Four genotyping schemes for phylogenetic analysis of Pseudomonas aeruginosa: comparison of their congruence with multi-locus sequence typing

• Published in: PloS one Vol. 8; no. 12; p. e82069
• Main Authors: Maâtallah, Makaoui, Bakhrouf, Amina, Habeeb, Muhammed Asif, Turlej-Rogacka, Agata, Iversen, Aina, Pourcel, Christine, Sioud, Olfa, Giske, Christian G
• Format: Journal Article
• Language: English
• Published: United States Public Library of Science 11.12.2013; Public Library of Science (PLoS)

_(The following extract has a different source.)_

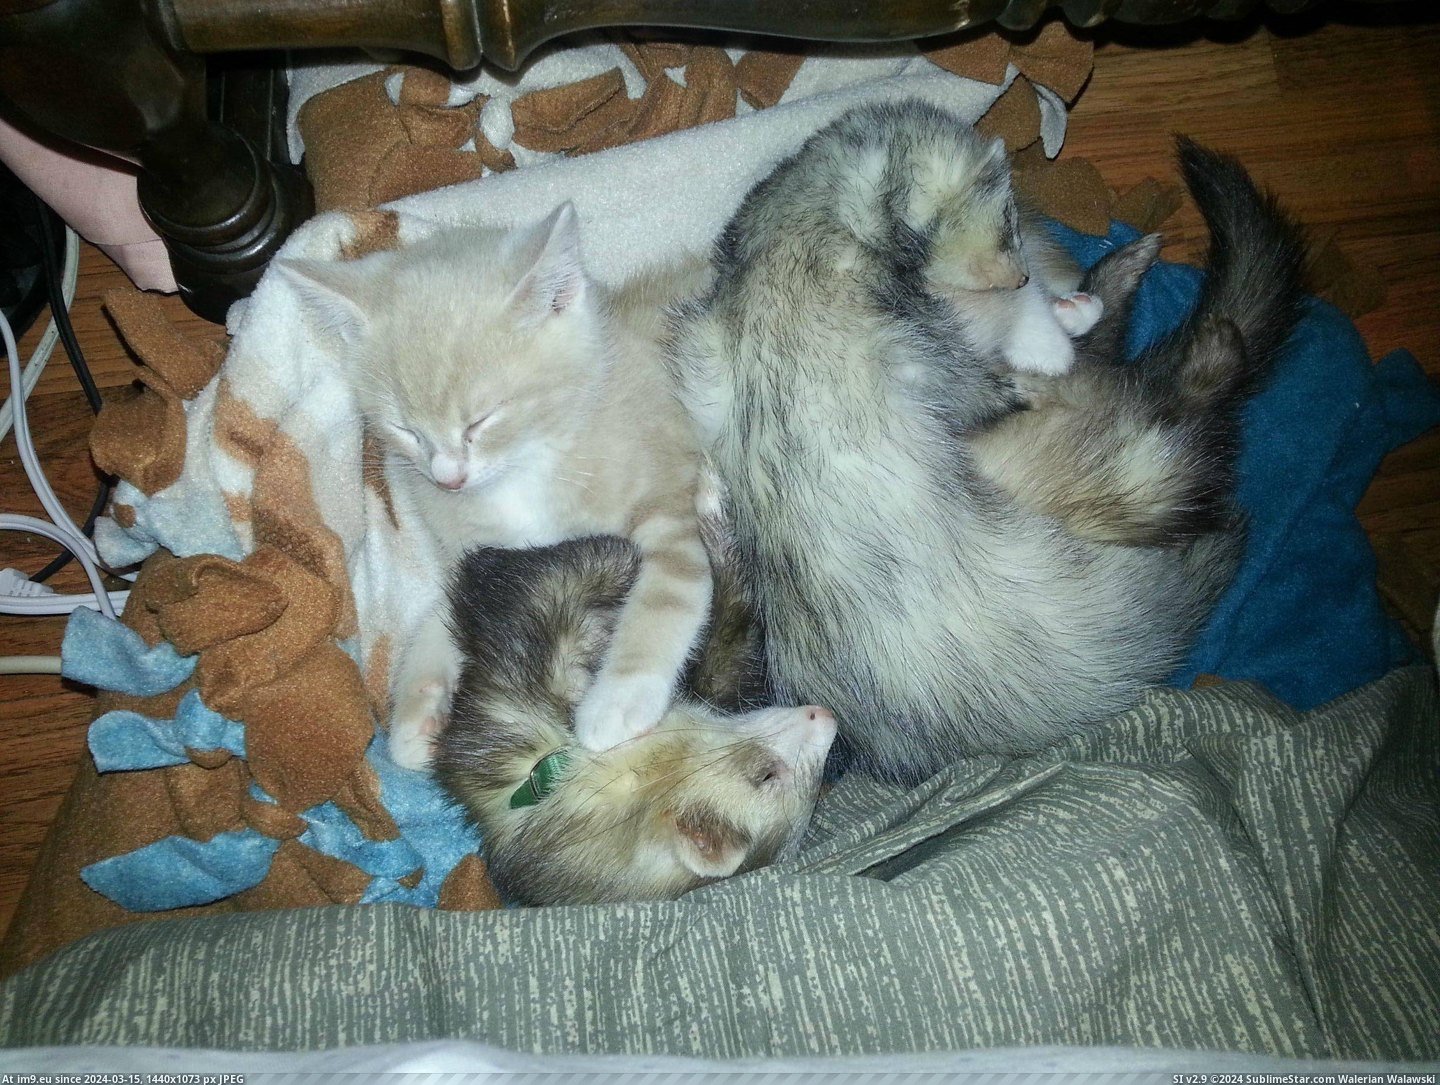 #Was #Kitten #Watch #Grow #Worried #Ferrets #Him #Early #Introducing [Aww] In early June I took home a kitten and was worried about introducing him to my ferrets. Watch him grow up with them. :) (L Pic. (Image of album My r/AWW favs))

• Subjects: Automation; Bacteria; Biomedicinsk laboratorievetenskap/teknologi; Cladistic analysis; Cloning; Comparative analysis; Deoxyribonucleic acid; DNA; DNA sequencing; Drug resistance; Electrophoresis, Gel, Pulsed-Field; Epidemiology; Gel electrophoresis; Gene sequencing; Genes; Genomes; Genotype; Genotyping; Genotyping Techniques - methods; Loci; Medicin och hälsovetenskap; Medicinsk bioteknologi; Medicinska och farmaceutiska grundvetenskaper; Microorganisms; Mikrobiologi inom det medicinska området; Minisatellite Repeats - genetics; Multilocus Sequence Typing - methods; Pathogens; Phylogenetics; Phylogeny; Pseudomonas aeruginosa; Pseudomonas aeruginosa - classification; Pseudomonas aeruginosa - genetics; Pseudomonas aeruginosa - isolation & purification; Pulsed-field gel electrophoresis; Staphylococcus infections; Surveillance; France; Sweden
• ISSN: 1932-6203; 1932-6203
• DOI: 10.1371/journal.pone.0082069

Several molecular typing schemes have been proposed to differentiate among isolates and clonal groups, and hence establish epidemiological or phylogenetic links. It has been widely accepted that multi-locus sequence typing (MLST) is the gold standard for phylogenetic typing/long-term epidemiological surveillance, but other recently described methods may be easier to carry out, especially in settings with limited access to DNA sequencing. Comparing the performance of such techniques to MLST is therefore of relevance. A study was therefore carried out with a collection of P. aeruginosa strains (n = 133) typed by four typing schemes: MLST, multiple-locus variable number tandem repeat analysis (MLVA), pulsed-field gel electrophoresis (PFGE) and the commercial DiversiLab microbial typing system (DL). The aim of this study was to compare the results of each typing method with MLST. The Simpson's indices of diversity were 0.989, 0.980, 0.961 and 0.906 respectively for PFGE, MLVA, DL and MLST. The congruence between techniques was measured by the adjusted Wallace index (W): this coefficient indicates the probability that a pair of isolates which is assigned to the same type by one typing method is also typed as identical by the other. In this context, the congruence between techniques was recorded as follow: MLVA-type to predict MLST-type (93%), PFGE to MLST (92%), DL to MLST (64.2%), PFGE to MLVA (63.5%) and PFGE to DL (61.7%). Conversely, for all above combinations, prediction was very poor. The congruence was increased at the clonal complex (CC) level. MLST is regarded the gold standard for phylogenetic classification of bacteria, but is rather laborious to carry out in many settings. Our data suggest that MLVA can predict the MLST-type with high accuracy, and even higher when studying the clonal complex level. Of the studied three techniques MLVA was therefore the best surrogate method to predict MLST.